= YOUR GOAL =
Would you copy the lines below exactly and omit the images?

= GIVEN MATERIAL =

◇ ◇ ◇ ◇ ◇

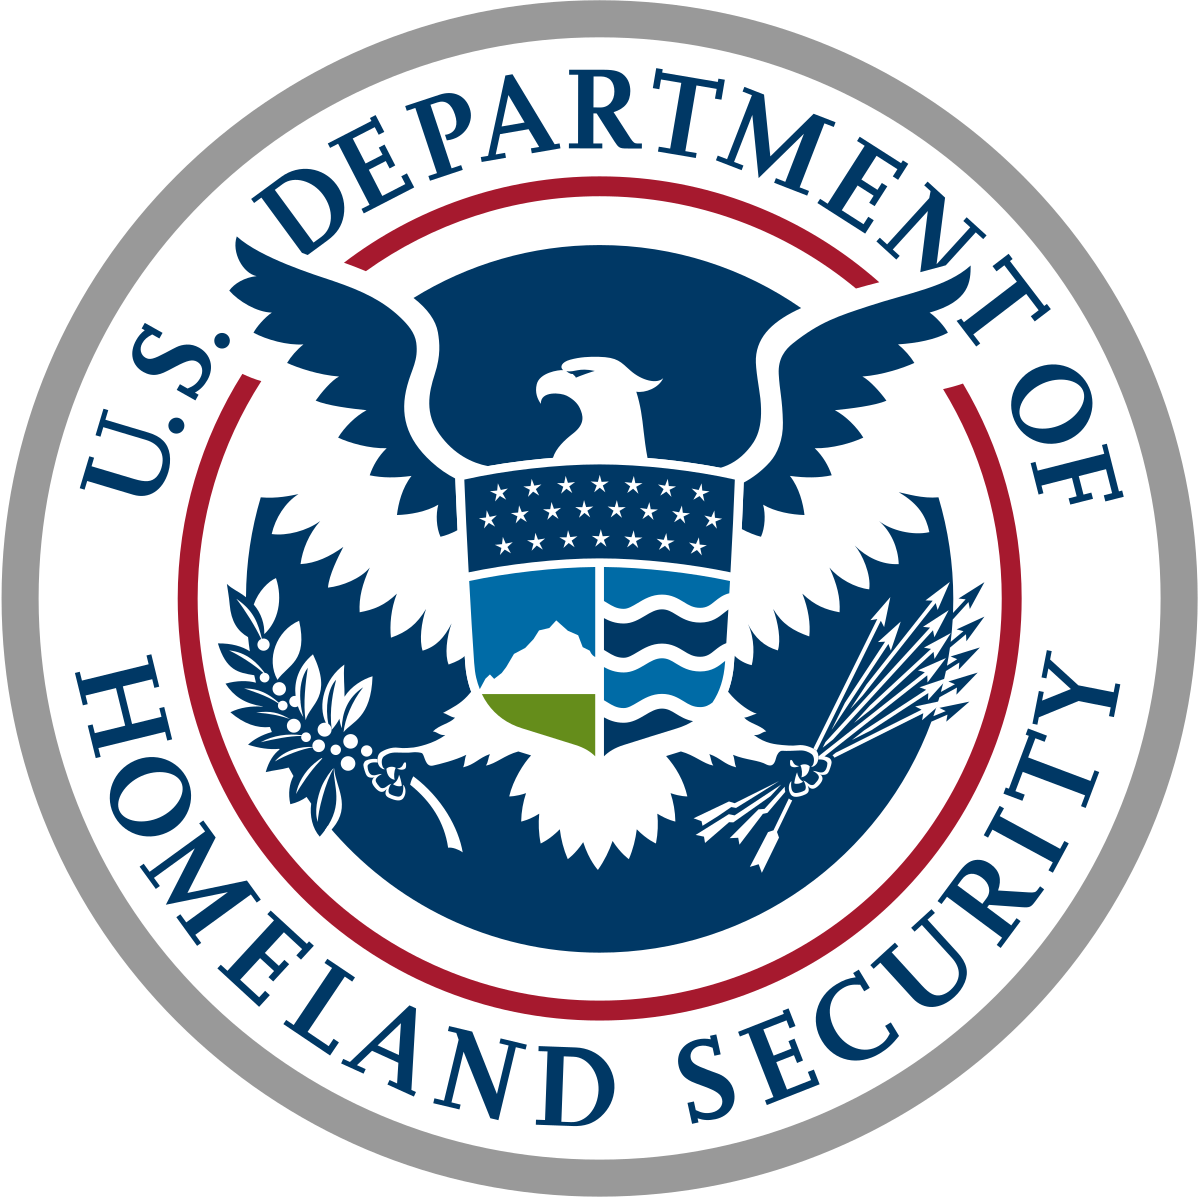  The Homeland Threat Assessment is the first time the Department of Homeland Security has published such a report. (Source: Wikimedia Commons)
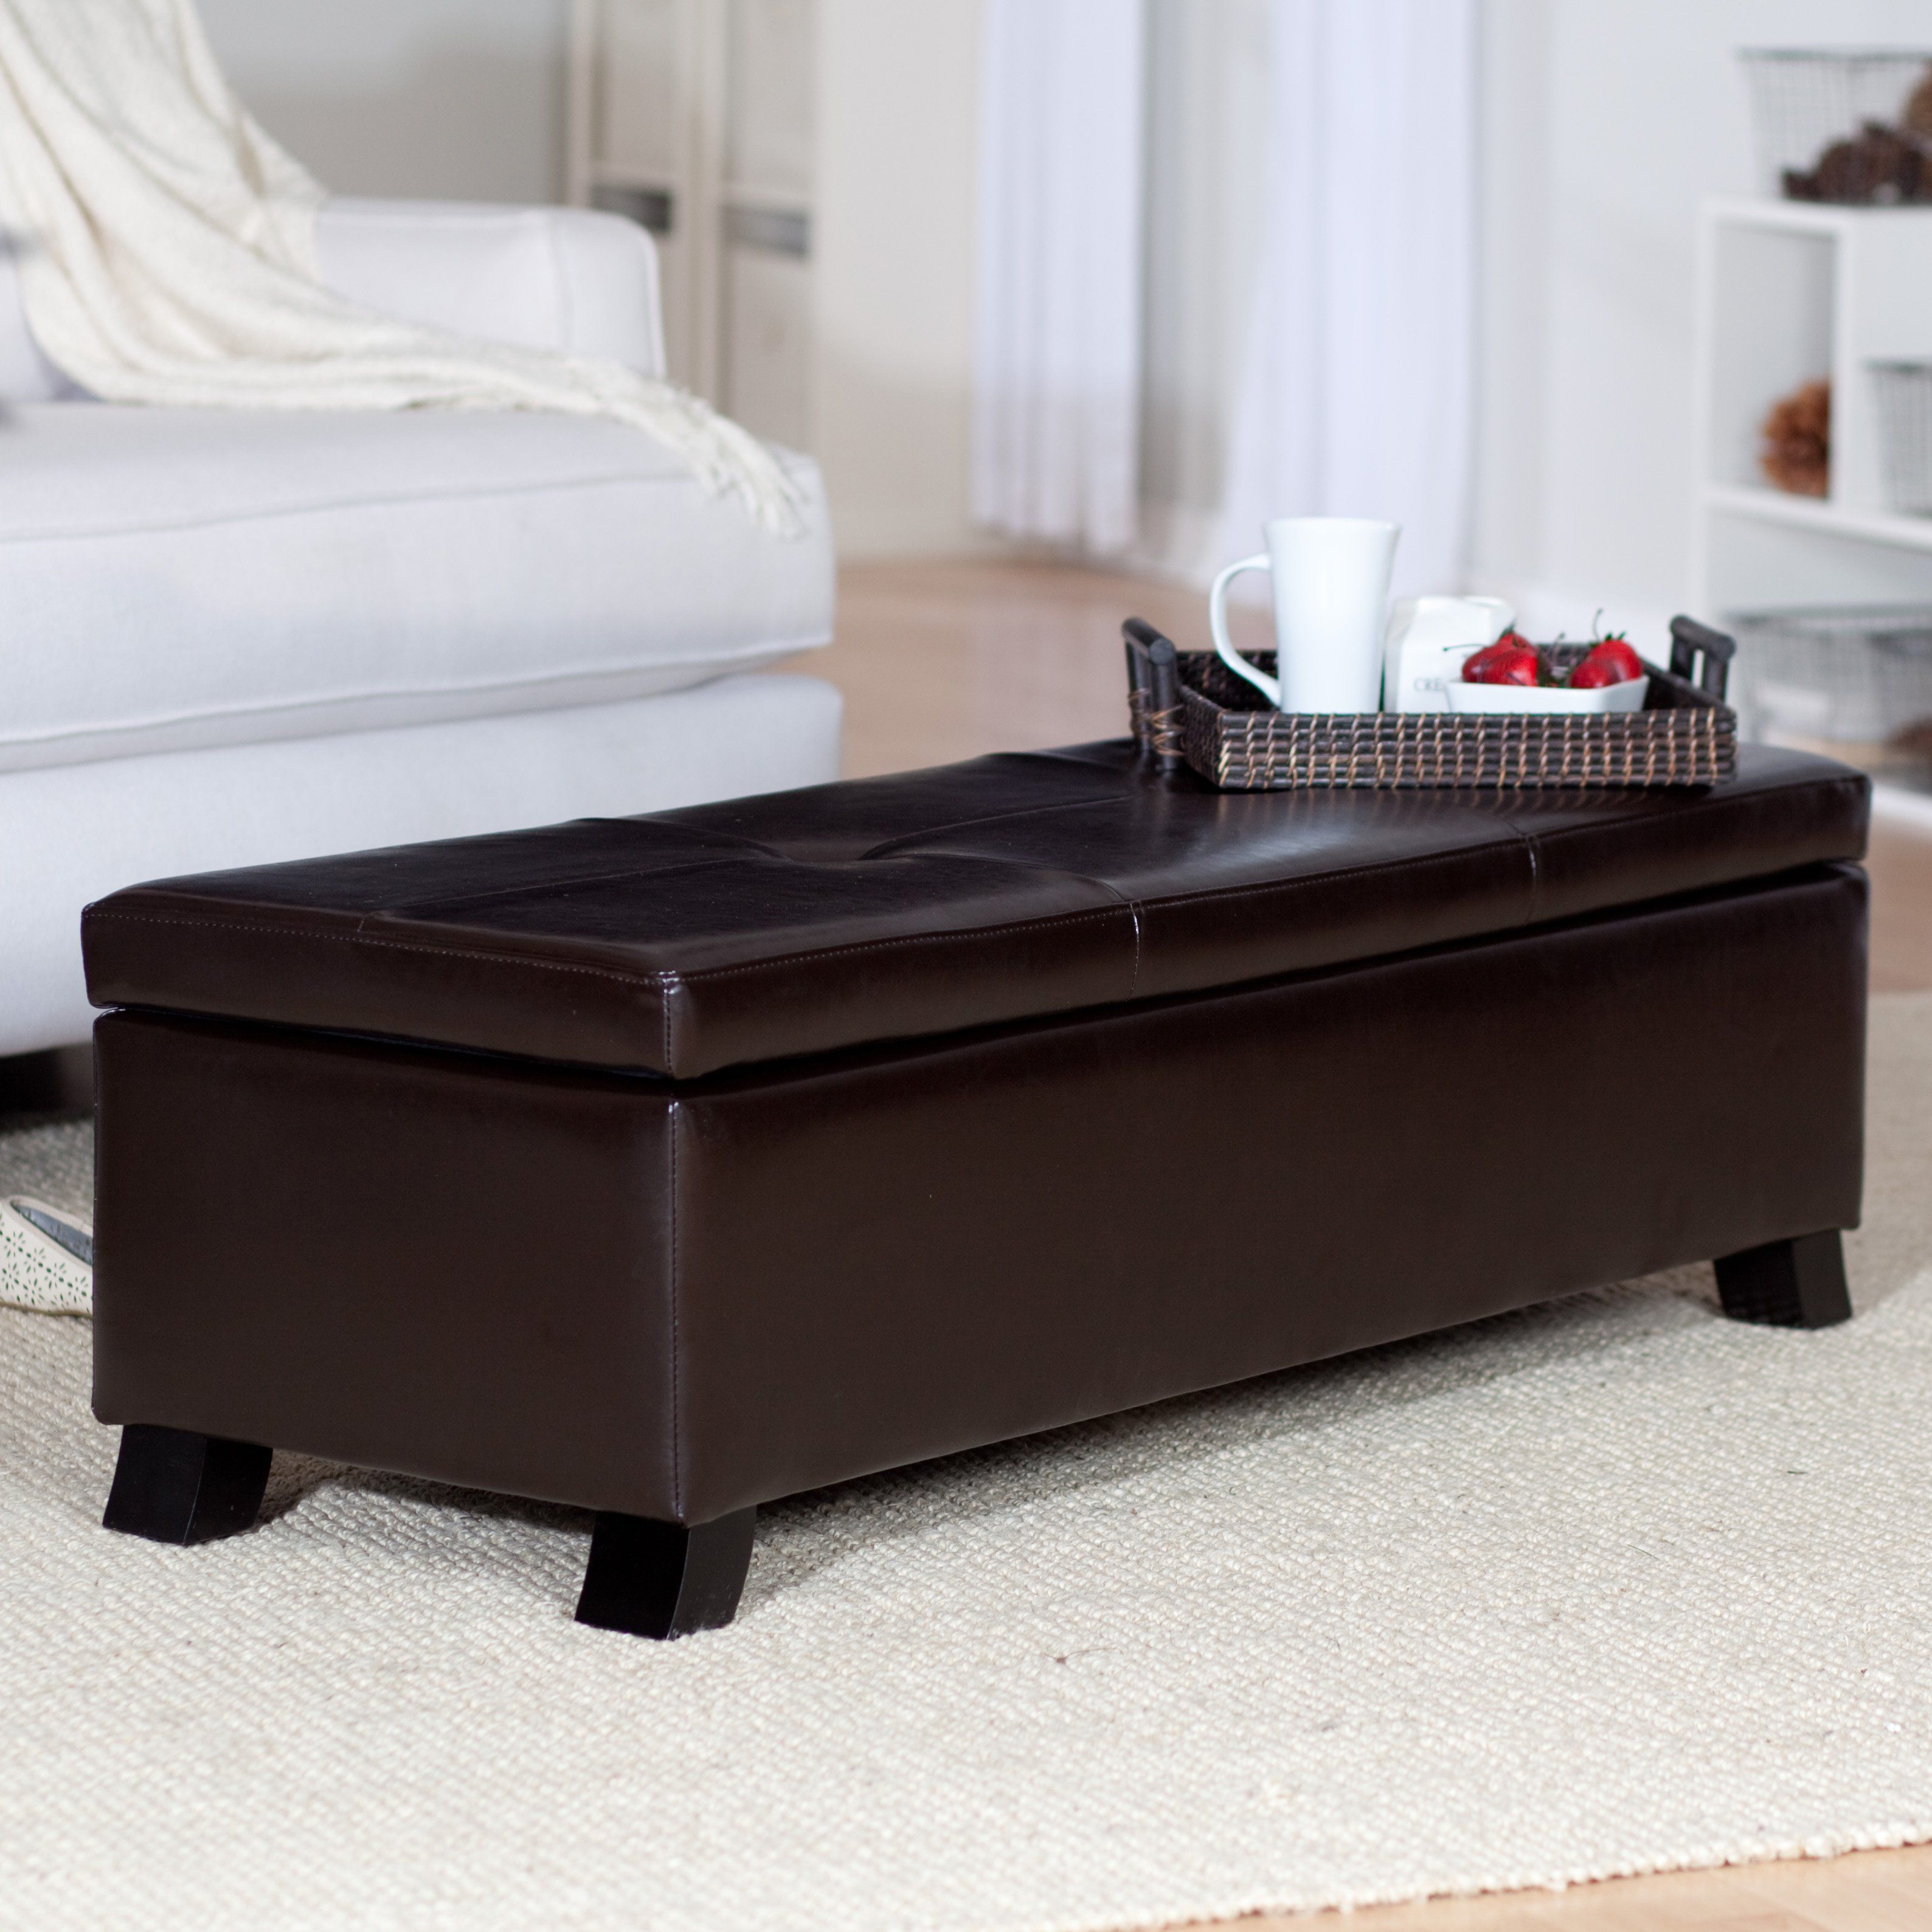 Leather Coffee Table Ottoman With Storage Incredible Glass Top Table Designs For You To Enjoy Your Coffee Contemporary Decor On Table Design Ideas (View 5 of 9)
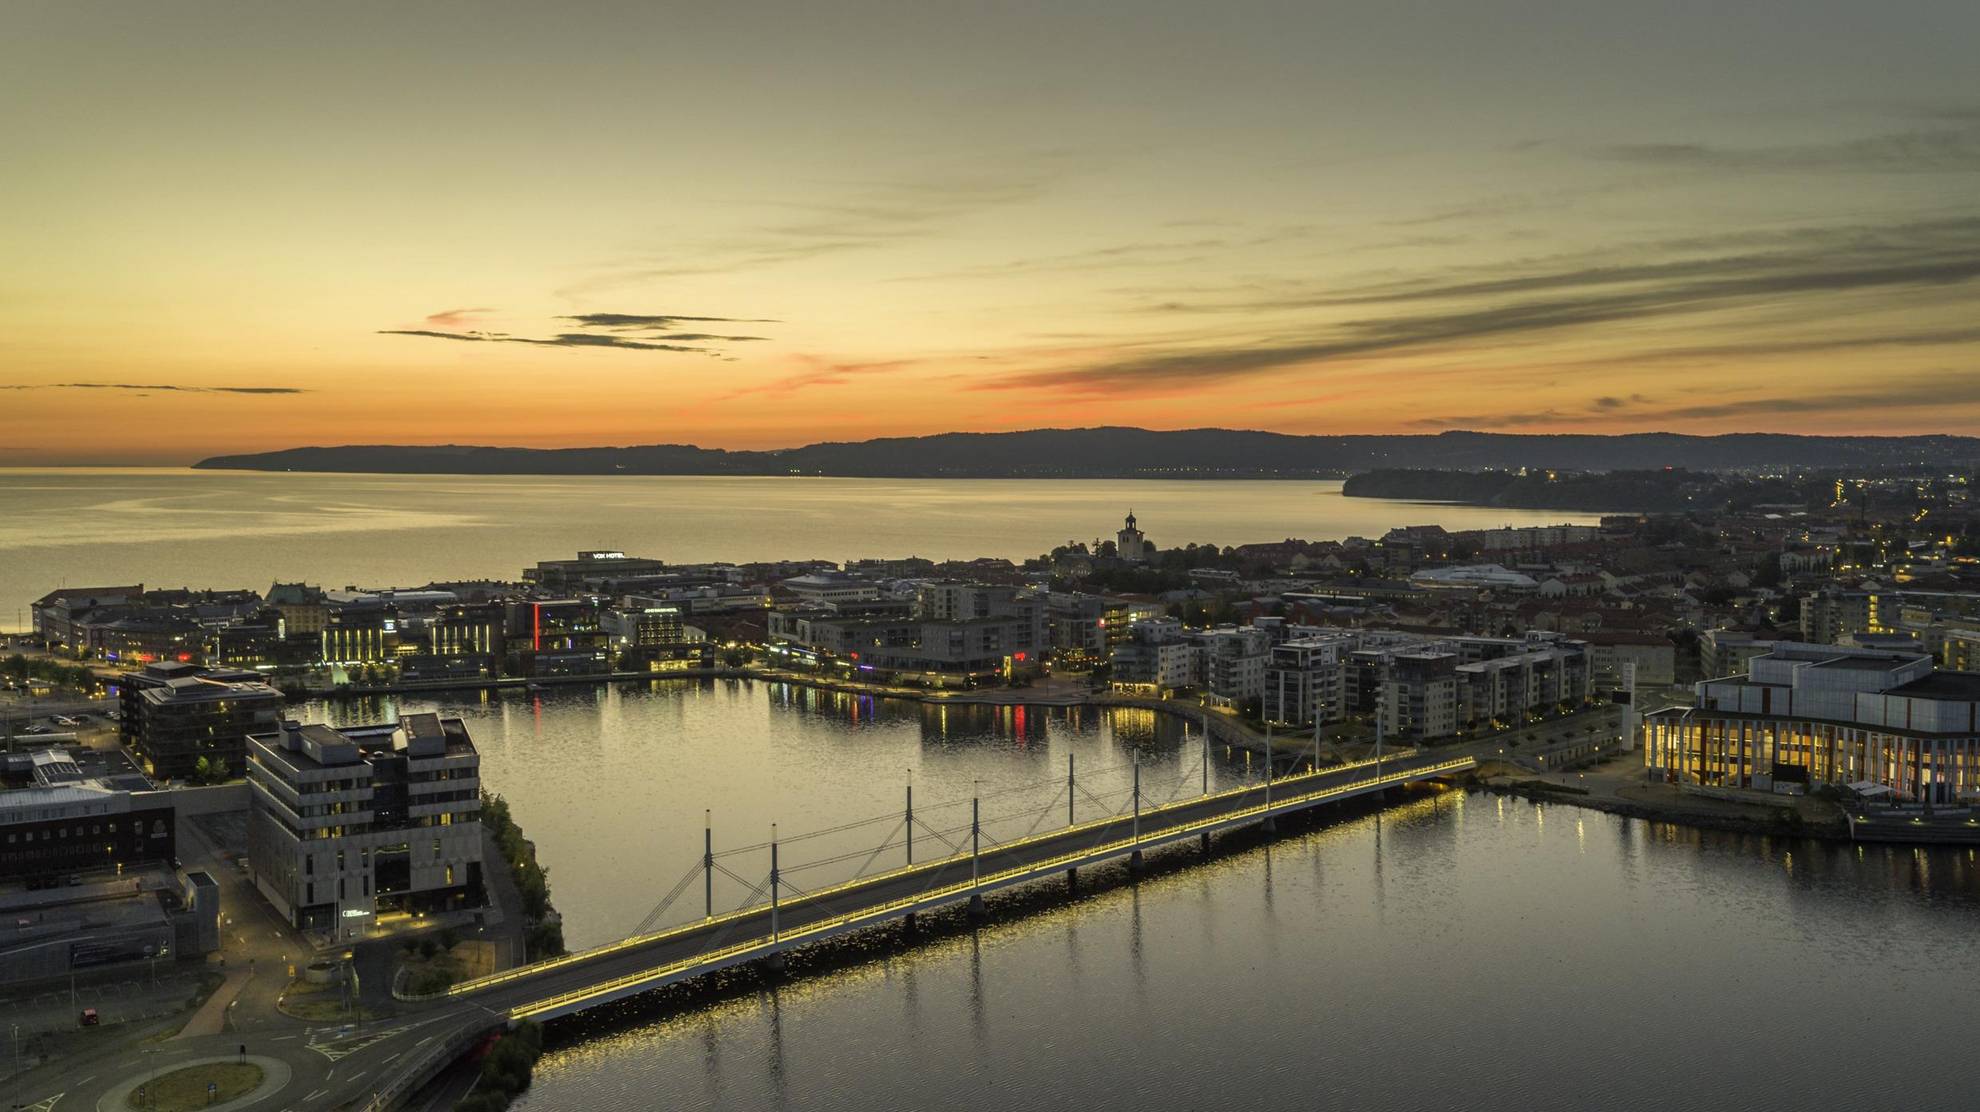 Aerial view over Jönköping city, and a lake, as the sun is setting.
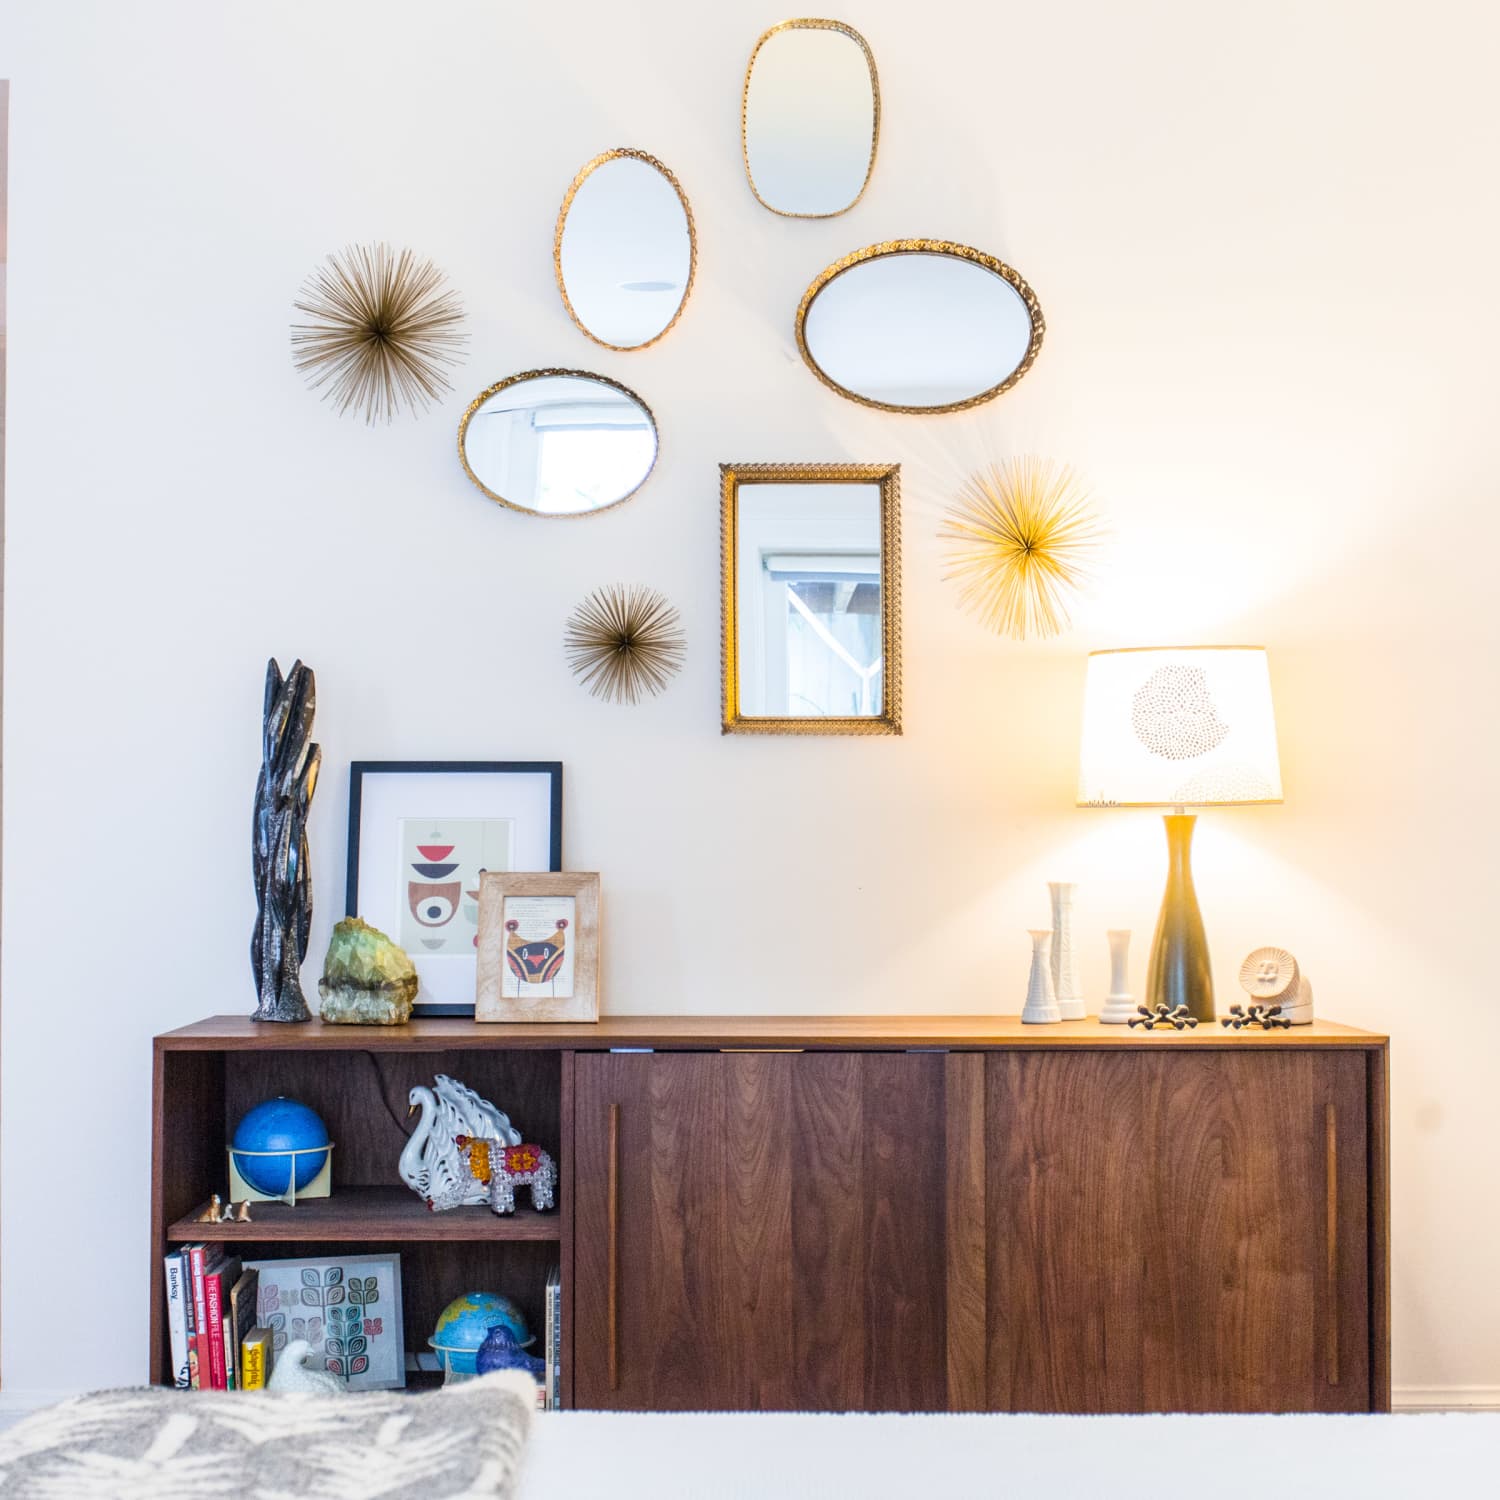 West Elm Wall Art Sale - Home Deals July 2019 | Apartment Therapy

◇ ◇ ◇ ◇ ◇

= WRITTEN REPLY =
  The Homeland Threat Assessment is the first time the Department of Homeland Security has published such a report. (Source: Wikimedia Commons)
 Leather Coffee Table Ottoman With Storage Incredible Glass Top Table Designs For You To Enjoy Your Coffee Contemporary Decor On Table Design Ideas (View 5 of 9)
 Aerial view over Jönköping city, and a lake, as the sun is setting.
 West Elm Wall Art Sale - Home Deals July 2019 | Apartment Therapy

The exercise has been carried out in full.